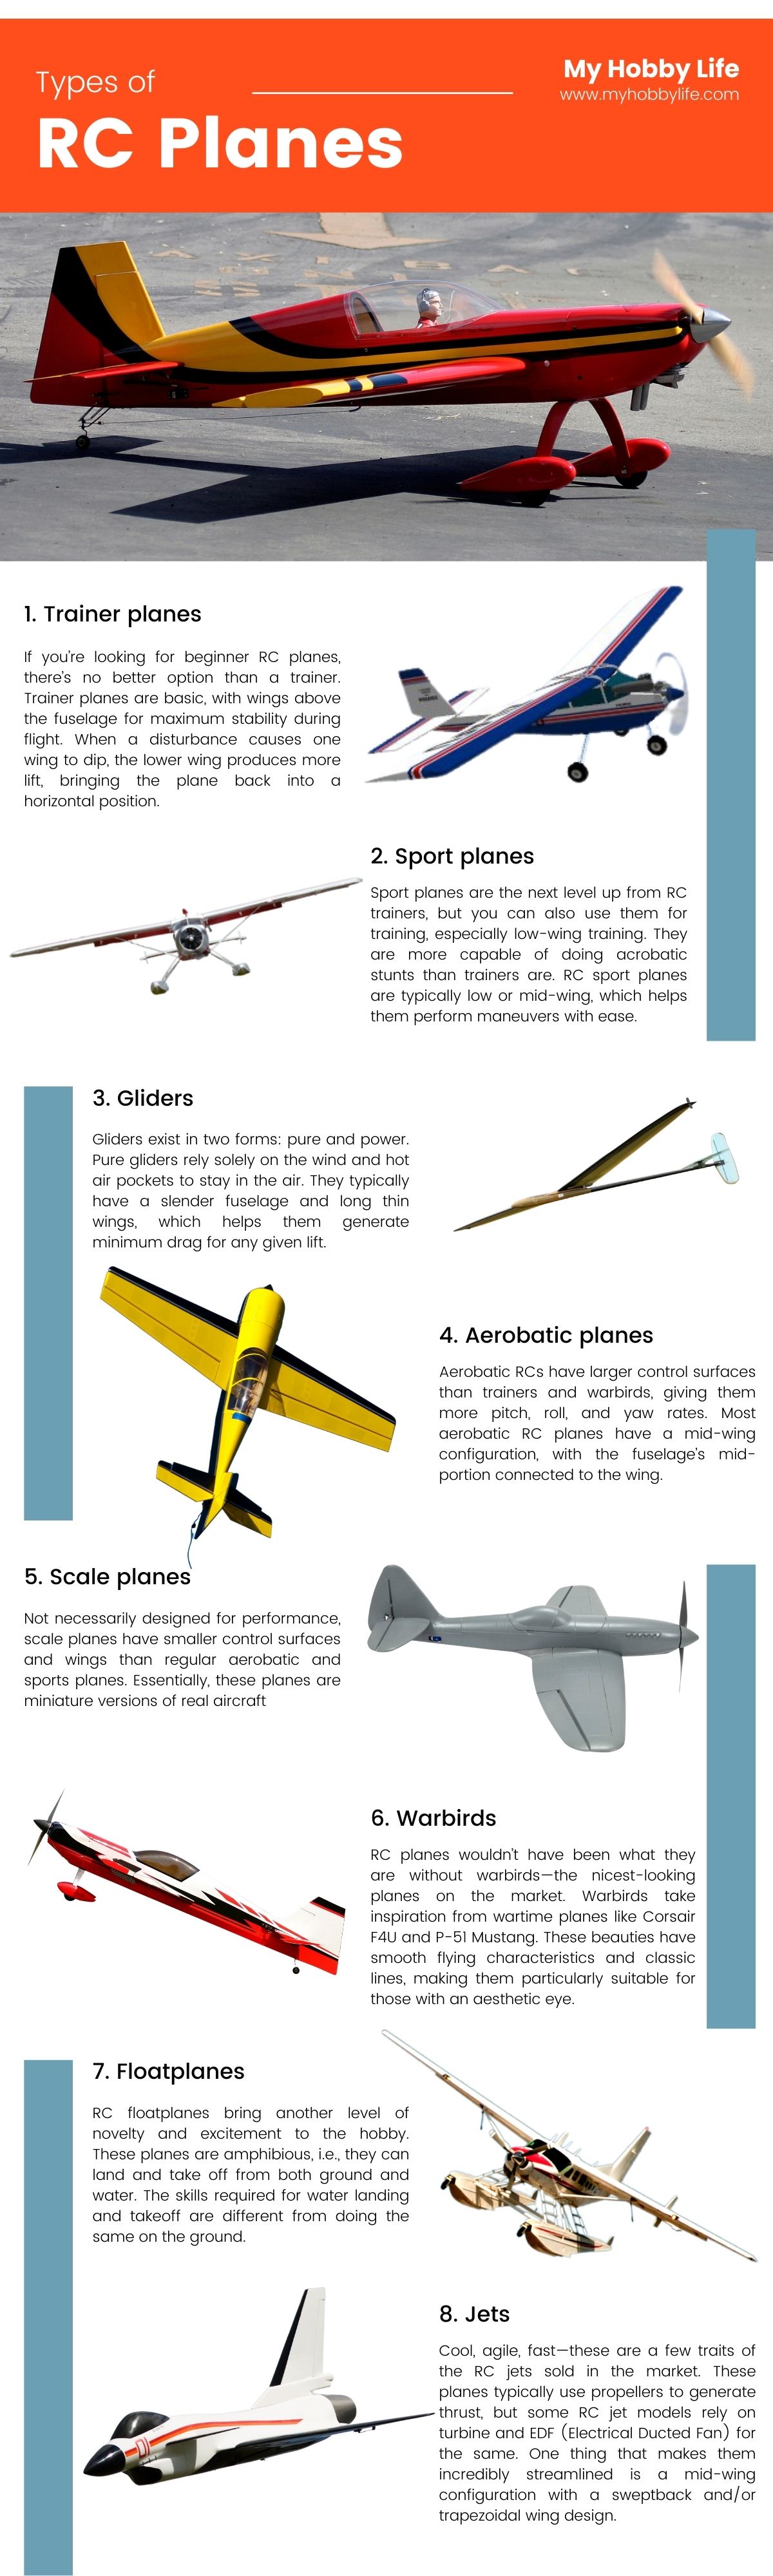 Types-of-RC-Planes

--

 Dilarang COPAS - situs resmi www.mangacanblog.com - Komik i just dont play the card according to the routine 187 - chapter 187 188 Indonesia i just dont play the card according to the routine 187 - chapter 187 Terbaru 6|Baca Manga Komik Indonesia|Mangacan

--

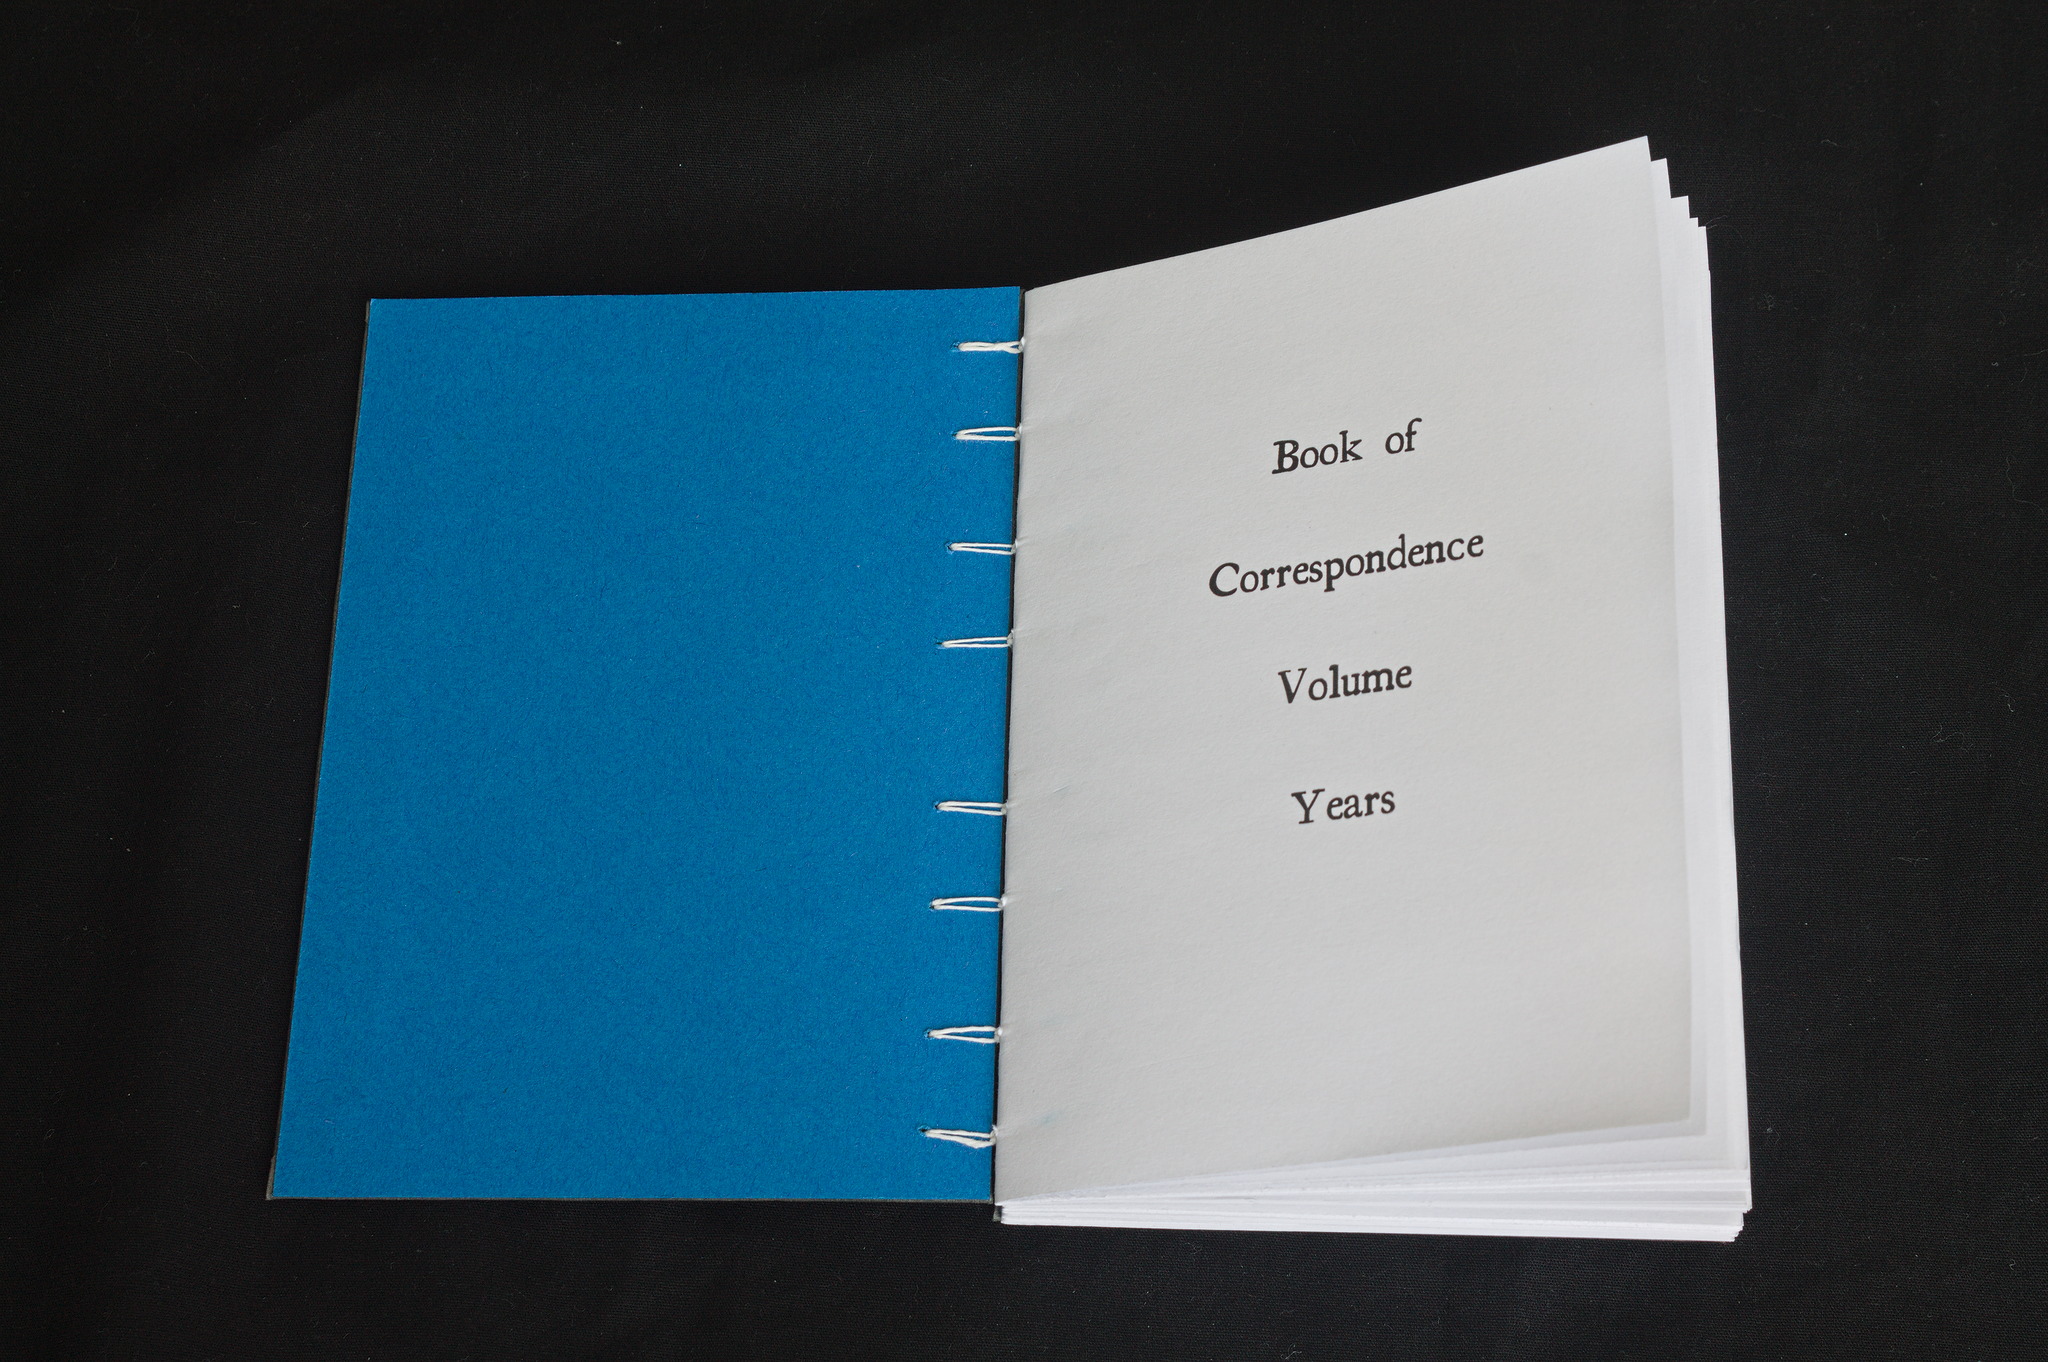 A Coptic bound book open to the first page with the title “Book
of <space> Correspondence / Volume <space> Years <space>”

▶ _Required work_
Look above for the line with "A Coptic bound", then print it and each line after it down to and including the line with "of <space> Correspondence". Leave out the pictures and keep the wording exact.

▶ _Exercise output_
 A Coptic bound book open to the first page with the title “Book
of <space> Correspondence / Volume <space> Years <space>”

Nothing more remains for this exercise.